“I want to go to the gym, but I cannot” Issues.

Lately I’ve been eating a lot.

My mother does nothing to help the fact that I need to lose weight. In fact, she’s ecstatic that I am so hungry all the time. Earlier I’d eat two square meals a day just to keep her vocal cords safe. But now, I’m beginning to think she’s taking advantage of that.

For example, she has started serving me Bournvita in the mornings every day before I go to school. Healthy, okay, but I’m almost 18- I don’t need to feel like Hrithik Roshan from Koi Mil Gaya. Clearly Bournvita didn’t help his wits much. What I really need is an abandoned alien like Jaadu to bless me with supernatural intelligence because I am also a sad intellectually-challenged kid with not much of a future to look forward to.

Somebody really needs to explain this to mum, because I’m clearly not doing a very good job at it.

I wish I knew what was wrong with me, but I’ve realized I’m just going through a phase that astrologers would say is the fault in my stars. I’ve been having the worst month, in every aspect. I’ve been arguing with a lot of people I care about, getting into major trouble for minor things, and getting irritable for things as small as not remembering the lyrics to the petty song “MiMiMi” by Serebro. But then, I suppose that isn’t a very small thing, as the song pretty much consists of only “mimimimimimimimimimimimimimi” with a catchy tune.

Either way, this afternoon, I had to loosen my belt a little, and I realized that I really needed to go to the gym more than once every 15 days. So I made up my mind, and prepped myself up. I told myself, “I will not sleep after lunch today, I will go to the gym, and I will definitely not finish my bag of Maltesers in one go.”

4 hours later, I’m sitting here with my bag of Maltesers, which despite my scruples I will still not let go off, trying to find an excuse to explain to my mother why I skipped gym again today.

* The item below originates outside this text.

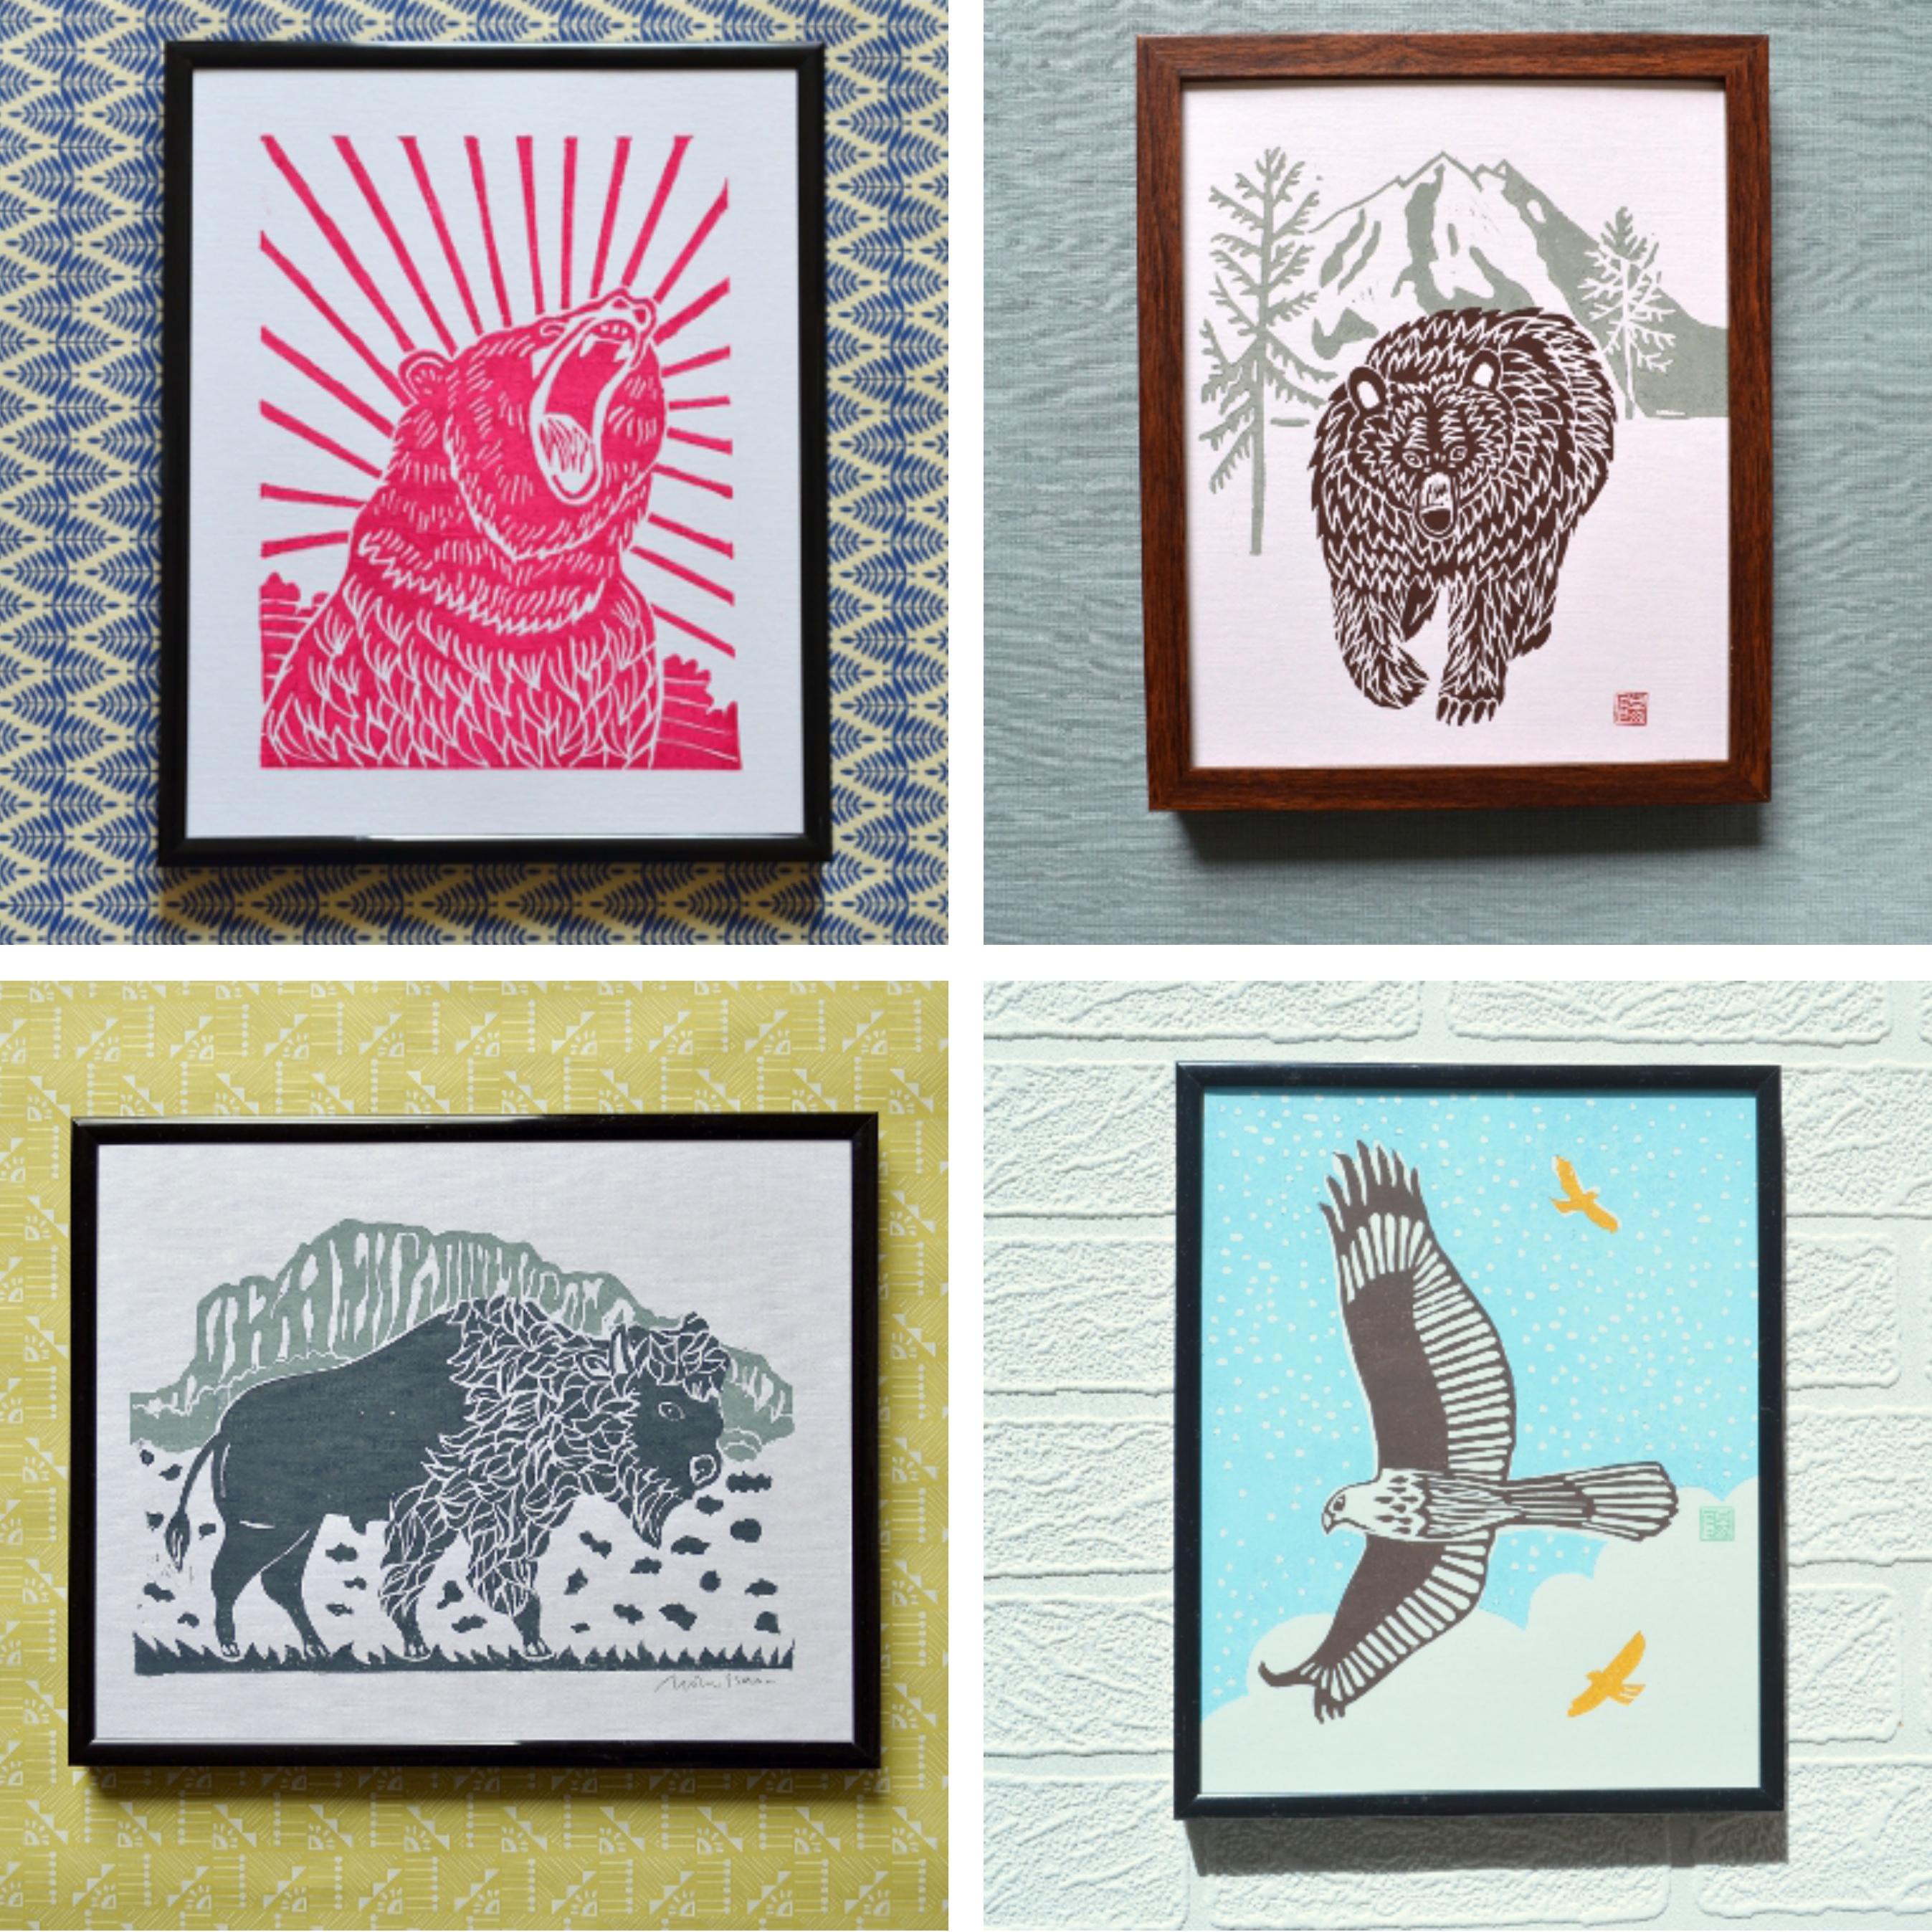 yellowstone prints, meadowlark prints, grizzly bear, bison, eagle

I would say that I appreciate my mother’s concern when it comes to my gym subscription: she does manage to remind me every single day that we have paid the trainer for three months, and that I should get off my lazy bum and do something about it.

However, I did not register for the gym alone. My mother has a subscription too, and she goes to the gym only once every 8 weeks- at my coercion.

Now that I think about it, she is probably a major causative factor to my laziness. My mother is very anti-exercise, when she should be pushing me to go to the gym with bursting enthusiasm (in order for me to actually want to go myself.)

Moving on to the actual purpose of this post, which I’m not even sure is a purpose at all, here are some excuses I found helpful to explain why I cannot go to the gym:

  1. Something to do with the weather, mum. I think it’s making me lazy.
  2. I ate too much, it’ll be unwise to exercise right now.
  3. The instructor called to say that the gym will be closed today.
  4. I’m exhausted today- I haven’t slept properly in days.
  5. Ehn. It’s too late now, maybe tomorrow.
  6. I might have tuition early today. (I won’t.)
  7. I have a test tomorrow, I need to study for it!
  8. I just wrote a test, WILL YOU LET ME RELAX FOR A MOMENT? Jesus Christ, you’re so jumpy.
  9. I’ll only go if you come with, mum. (Hence we end up not going. :)) I’m so clever.)
  10. It’s raining. (This often works because my mum is too lazy to actually go and check if it is, in fact, raining.)
  11. It’s my time of the month. ‘Nuff said.
  12. I swear I will go tomorrow, I completely forgot to add it to my schedule for today.
  13. I can’t find my gym slacks.
  14. My shoes are wet from the rain.

I only have 14 at the moment, because I tend to finally drag myself to the gym on the 15th day, after which I repeat the same cycle of excuses. It isn’t even that I’m lazy- once I’m at the gym, I’m a ball of energy. I just don’t like the idea of having to step out of my bed once I’m in it.

I wish I was helpful with the excuses, although I probably wasn’t- it is easier to make excuses to my mother about the gym, because she feels the same way about it.